GDB execution trace vis 2

The tracing mechanism is pretty straight-forward. The tracing class is told an interesting breakpoint and an ignore count. Once the count has been reached, “step” tracing begins. The idea was to do a first pass that just counts how many times the interesting breakpoint occurs before the program tanks, then we can skip to the last few before doing the (slow) step-wise tracing in the second pass.
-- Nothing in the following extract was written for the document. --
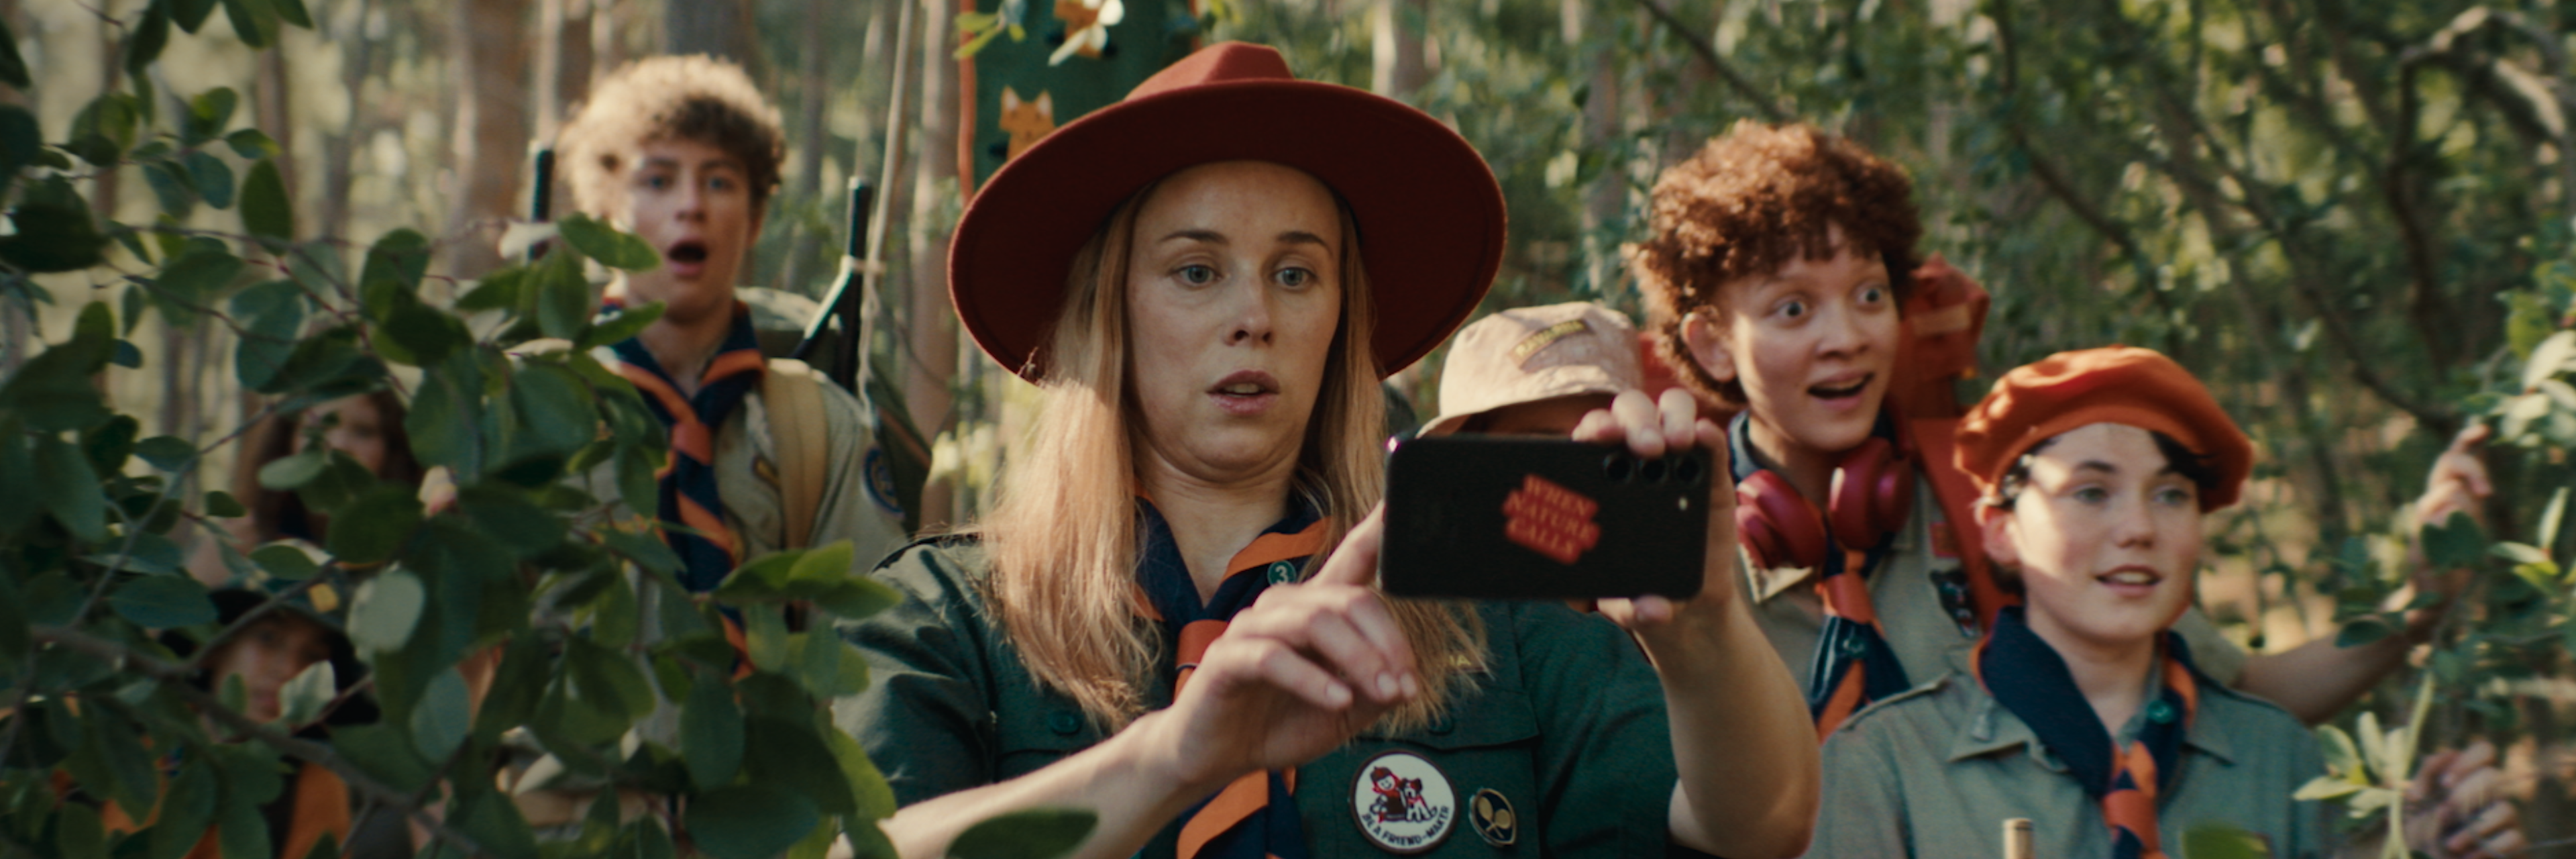 En scout står i skogen tillsammans med andra scouter och fotograferar med en svart mobil.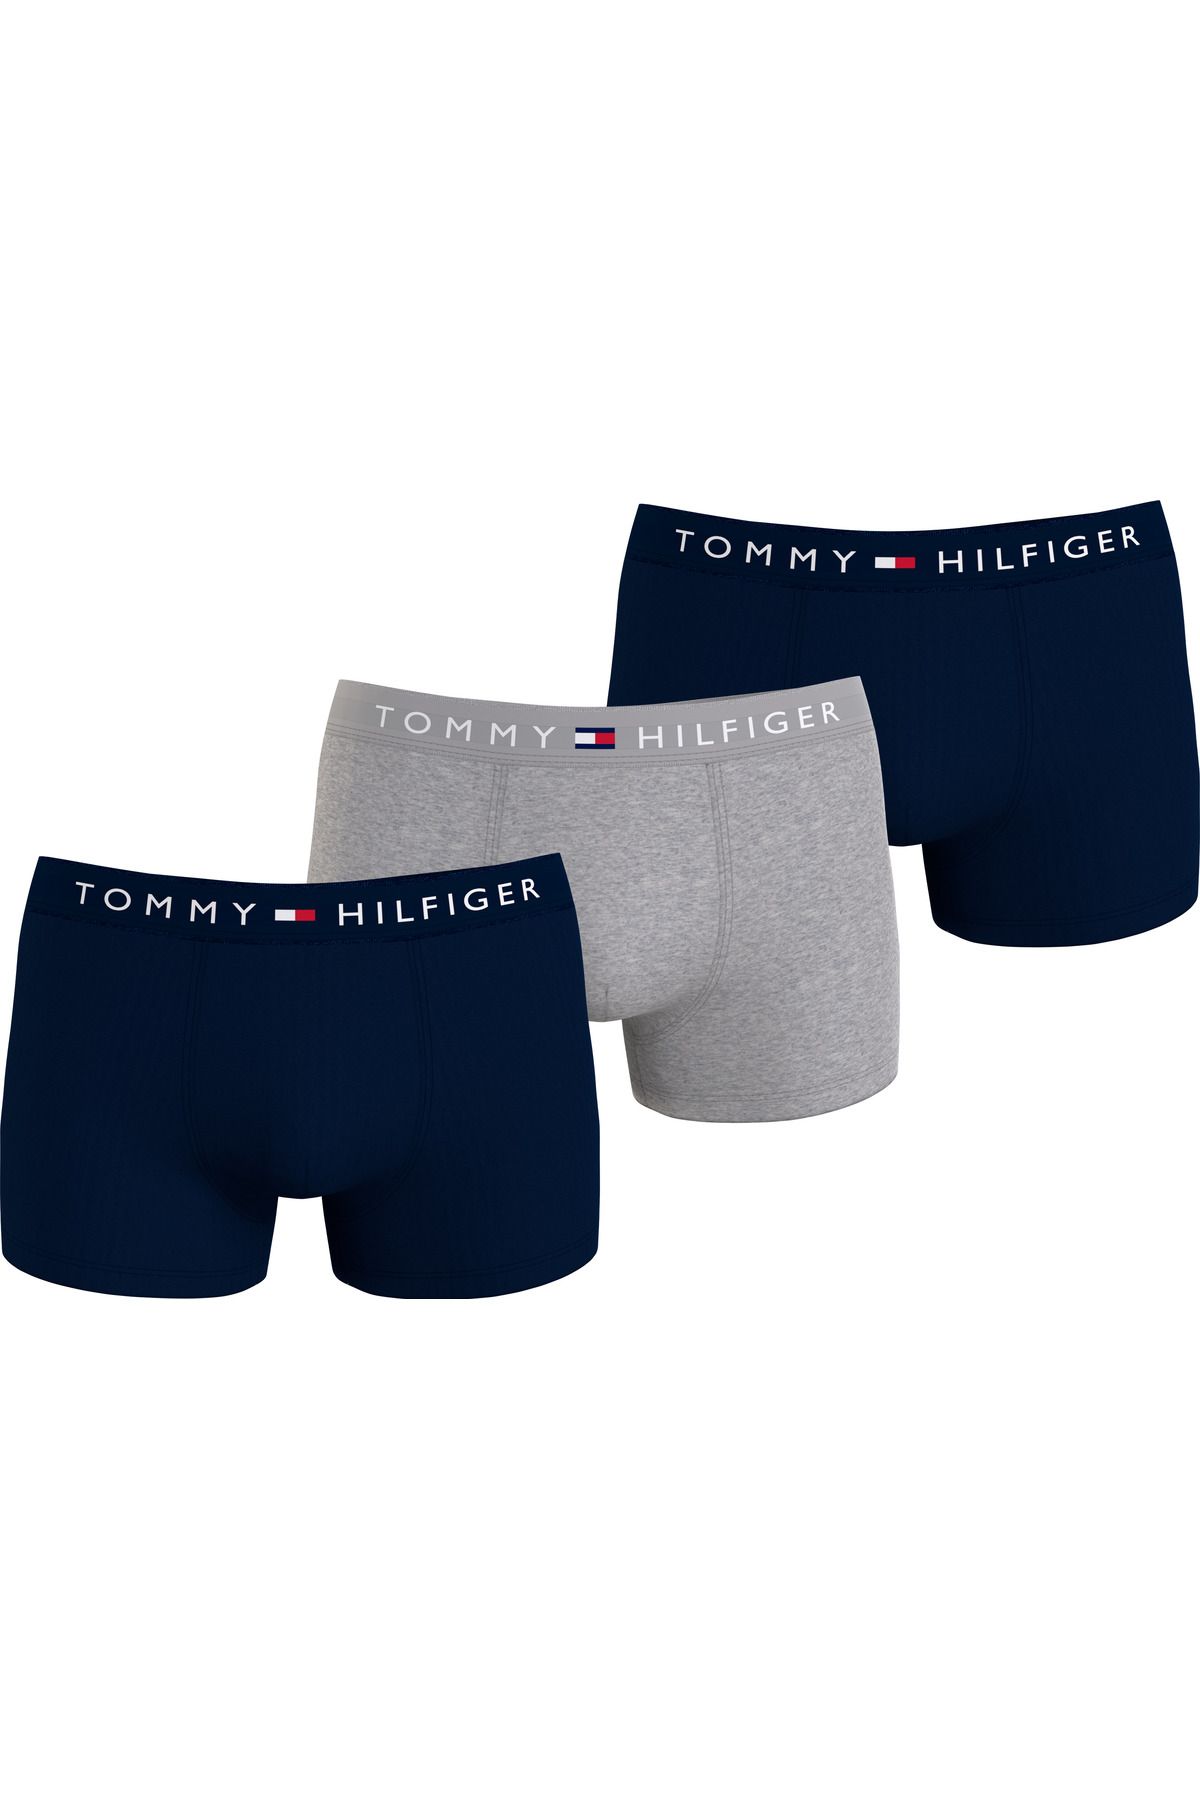 Tommy Hilfiger Erkek Marka Logolu Elastik Bantlı Pamuklu Günlük Kullanıma Uygun Lacivert-gri-lacivert Boxer Um0um03

The goal would be to approximate a light-weight tracing mechanism where we can see what the program did before whatever bad state occurred. Gah! I was just going to say that there aren’t any open source tools readily available to accomplish that goal (dyninst/dpcl still require a bit of legwork), but it turns out that Chronicle (formerly Amber) has recently been released. (For whatever reason, Robert O’Callahan’s post didn’t show up in his feed via planet mozilla for me.) OTOH, this method is still potentially useful for remote gdb target debugging on actual hardware (albeit extremely slowly), or perhaps for a case where the program must do a lot of execution before the interesting part of the trace happens, lending itself to a non-valgrind solution. I presume you would pay the simulation price for valgrind the whole way through, unless valgrind can ‘absorb’ a running process into its simulation.

I also have a visualization done using visophyte’s model abstraction (if you are going to go and invent yet another multi-backend canvas abstraction layer, you might as well use it), but without some way to view the corresponding code and explore, it is useless. The generated HTML here is more useful, but still lacking in interactivity or true context. That would be the next step. The step after that would be throwing back in a concise and interactive visualization. The same effort required for that should allow me to produce interactive visualizations from thunderbird.